> [Data to process]:
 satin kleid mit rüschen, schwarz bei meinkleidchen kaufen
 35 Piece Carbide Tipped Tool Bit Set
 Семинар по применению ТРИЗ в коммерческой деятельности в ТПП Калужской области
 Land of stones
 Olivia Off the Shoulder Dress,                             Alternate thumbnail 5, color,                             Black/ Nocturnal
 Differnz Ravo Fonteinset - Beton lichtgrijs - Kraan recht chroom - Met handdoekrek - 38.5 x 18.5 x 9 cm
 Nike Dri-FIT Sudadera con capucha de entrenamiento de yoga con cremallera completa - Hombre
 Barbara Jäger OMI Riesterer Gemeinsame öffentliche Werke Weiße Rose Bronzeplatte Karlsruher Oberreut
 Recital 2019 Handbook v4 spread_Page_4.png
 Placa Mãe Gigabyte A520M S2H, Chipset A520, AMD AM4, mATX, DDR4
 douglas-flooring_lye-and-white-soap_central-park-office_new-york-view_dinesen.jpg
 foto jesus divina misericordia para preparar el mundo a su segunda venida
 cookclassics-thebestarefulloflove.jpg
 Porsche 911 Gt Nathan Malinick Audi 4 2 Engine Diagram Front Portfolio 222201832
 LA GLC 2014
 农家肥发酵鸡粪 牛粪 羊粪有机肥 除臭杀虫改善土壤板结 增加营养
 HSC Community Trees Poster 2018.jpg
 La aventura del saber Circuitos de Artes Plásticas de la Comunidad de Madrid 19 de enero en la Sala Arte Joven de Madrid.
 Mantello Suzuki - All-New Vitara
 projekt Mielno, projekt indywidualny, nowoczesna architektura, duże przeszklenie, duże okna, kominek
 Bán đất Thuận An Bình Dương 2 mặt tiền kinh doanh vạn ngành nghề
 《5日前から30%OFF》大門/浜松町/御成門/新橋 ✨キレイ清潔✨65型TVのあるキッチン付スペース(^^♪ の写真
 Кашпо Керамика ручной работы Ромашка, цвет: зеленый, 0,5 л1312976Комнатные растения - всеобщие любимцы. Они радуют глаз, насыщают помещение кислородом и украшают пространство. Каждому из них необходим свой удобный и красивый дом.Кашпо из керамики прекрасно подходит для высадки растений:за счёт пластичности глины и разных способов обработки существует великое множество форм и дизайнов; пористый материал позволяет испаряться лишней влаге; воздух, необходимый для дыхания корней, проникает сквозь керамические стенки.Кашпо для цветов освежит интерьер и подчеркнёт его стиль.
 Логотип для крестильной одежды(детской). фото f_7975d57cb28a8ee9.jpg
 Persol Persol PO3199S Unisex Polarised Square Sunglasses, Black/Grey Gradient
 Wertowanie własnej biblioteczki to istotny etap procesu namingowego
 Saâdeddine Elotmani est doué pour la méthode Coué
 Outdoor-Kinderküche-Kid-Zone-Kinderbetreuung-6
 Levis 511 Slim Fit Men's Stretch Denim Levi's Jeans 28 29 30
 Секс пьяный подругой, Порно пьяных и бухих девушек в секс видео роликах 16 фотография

> [Exercise brief]:
Match on "Black" and copy out every line of the entries that contains it.

> [Answer to this exercise]:
 Olivia Off the Shoulder Dress,                             Alternate thumbnail 5, color,                             Black/ Nocturnal
 Persol Persol PO3199S Unisex Polarised Square Sunglasses, Black/Grey Gradient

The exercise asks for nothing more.